@Lluis_Uria
Si el espíritu de Europa pudiera encarnarse en una persona, el primer candidato hubiera sido –hasta ayer– el político francés Jacques Delors, el gran arquitecto del proyecto de integración europea que puso las bases de la actual Unión. Nacido en París en 1925, Delors murió ayer en la capital francesa a los 98 años de edad mientras dormía, según comunicó su hija, la exministra y alcaldesa de Lille Martine Aubry (quien, como tantas otras mujeres francesas, arrastra el apellido de un marido que ya dejó de formar parte de su vida)
La desaparición de Delors coincidió con el fallecimiento, el mismo día,
de otro gran europeísta, el exministro alemán Wolfgang Schäuble, mucho más
conocido por su inflexible apego a la austeridad presupuestaria, martillo
despiadado de los países del sur de Europa y, particularmente, de la sufrida
Grecia en la crisis económica del 2008.
Presidente de la Comisión Europea entre 1985 y 1995, la Unión Europea
que hoy conocemos debe mucho a la visión, el trabajo y el empuje de Jacques
Delors, cuya figura pasará sin duda a la Historia como una de las más
destacadas y decisivas del proyecto de construcción europea desde que los
padres fundadores, Jean Monnet y Robert Schuman, lanzaran la idea de una Europa
unida entre finales de los años cuarenta y principios de los cincuenta, en
plena posguerra.
Bajo su batuta se aprobó el Acta Única Europea (1986), que puso las
bases del mercado único e impulsó la integración que culminaría con la
aprobación (en 1991) del Tratado de Maastricht. Y, con él, de la unión
económica y monetaria –que permitiría el advenimiento del euro el 1 de enero
del 2002– y la constitución de la moderna Unión Europea.
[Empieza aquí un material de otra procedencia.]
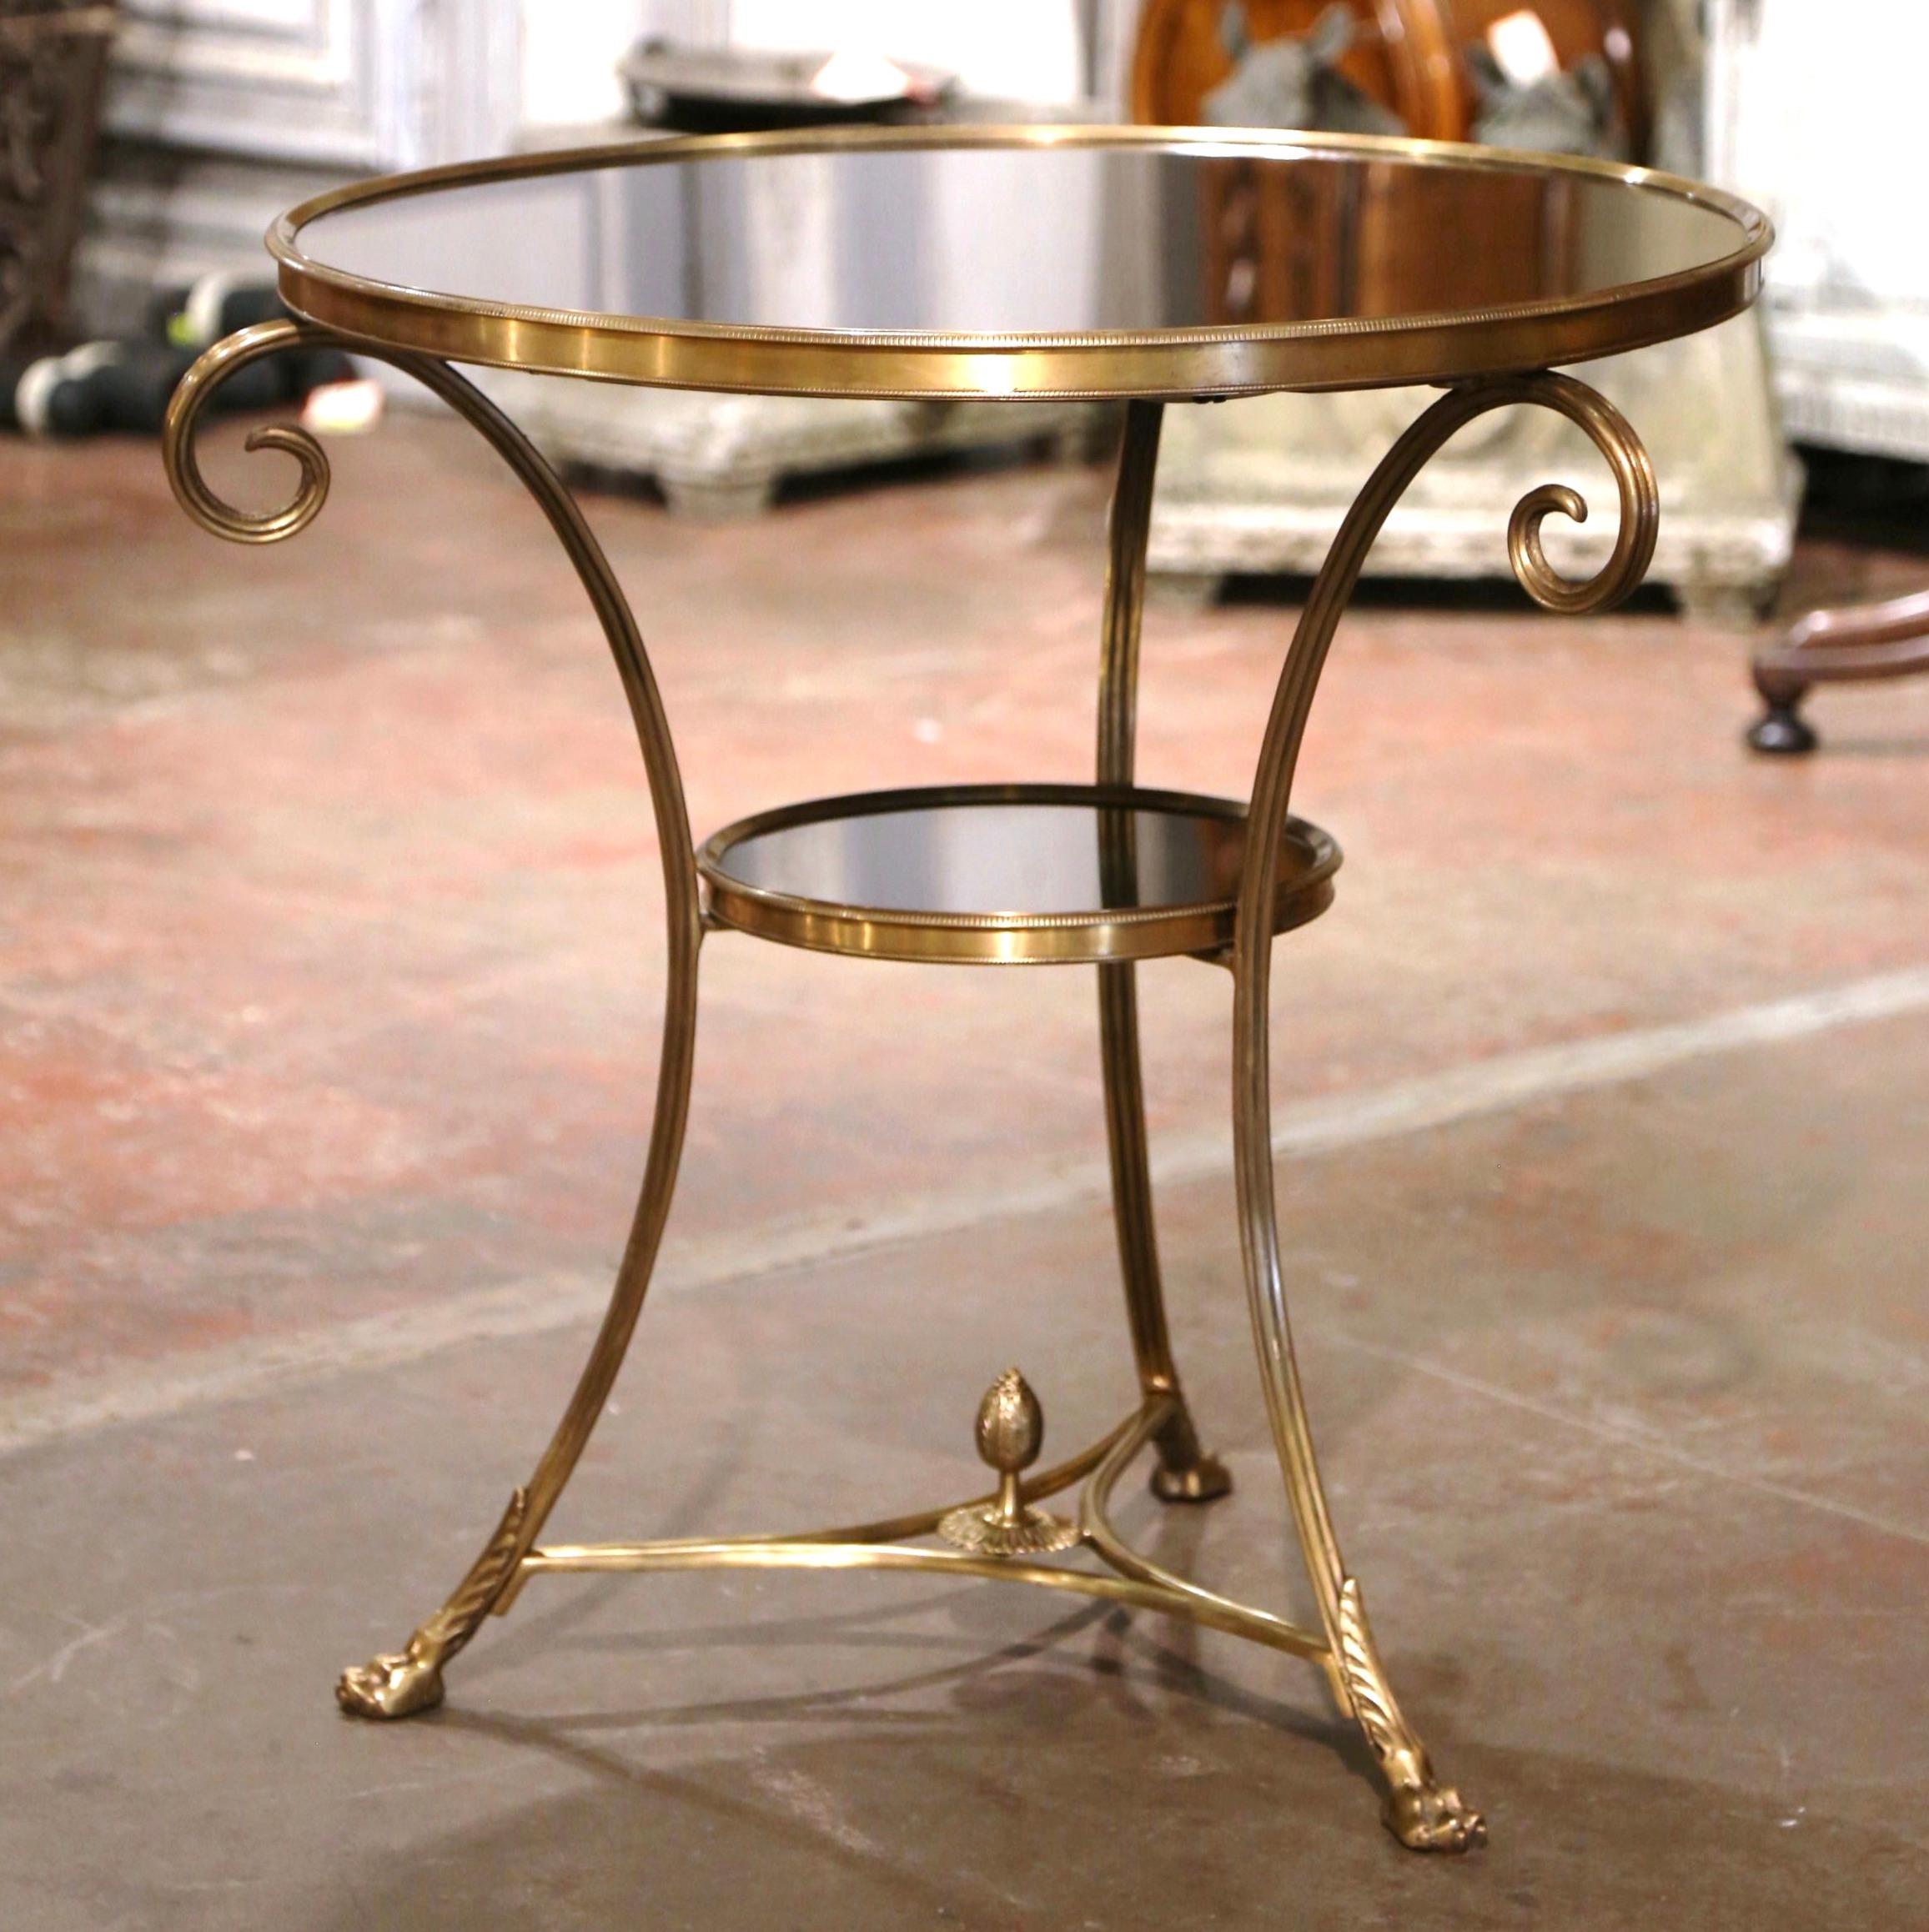 Decorate a living room with this elegant neoclassical antique two-tier gueridon table. Created in France circa 1950, and round in shape, the table is supported by three slender cabriole legs ending with hoof feet and decorated with acanthus leaf

De su época datan dos
de las iniciativas que más –y más visiblemente– han cambiado la vida de los
europeos y más han hecho por traducir en lo concreto la idea abstracta de
Europa: los acuerdos de Schengen para la libre circulación de personas, que
acabaron con las fronteras interiores, y el programa de intercambio de
estudiantes Erasmus.
Delors fue también un firme partidario de dar voz a regiones y ciudades
en el seno de la UE –una reivindicación que, desde España, lideraban el
entonces presidente de la Generalitat, Jordi Pujol, y el alcalde de Barcelona,
Pasqual Maragall, en ardua competición y rivalidad entre ellos– y que dio lugar
en
El éxito de Delors en Bruselas, adonde fue aupado más por el apoyo del
canciller alemán, Helmut Kohl, que el del propio presidente francés, François
Mitterrand, se debió en gran medida a su talante dialogante y constructivo,
siempre a la búsqueda de consensos y compromisos desde un pragmatismo realista.
Nacido en el seno de una familia católica, el joven Delors tuvo desde
siempre una acendrada inquietud social, que le llevó inicialmente a militar en
las organizaciones sindicales cristianas, para acercarse después al gaullismo
social –trabajando como consejero del entonces primer ministro Jacques Chaban
Delmas– y desembocar finalmente, ya en 1974, en el Partido Socialista. Él mismo
se definía básicamente como socialdemócrata.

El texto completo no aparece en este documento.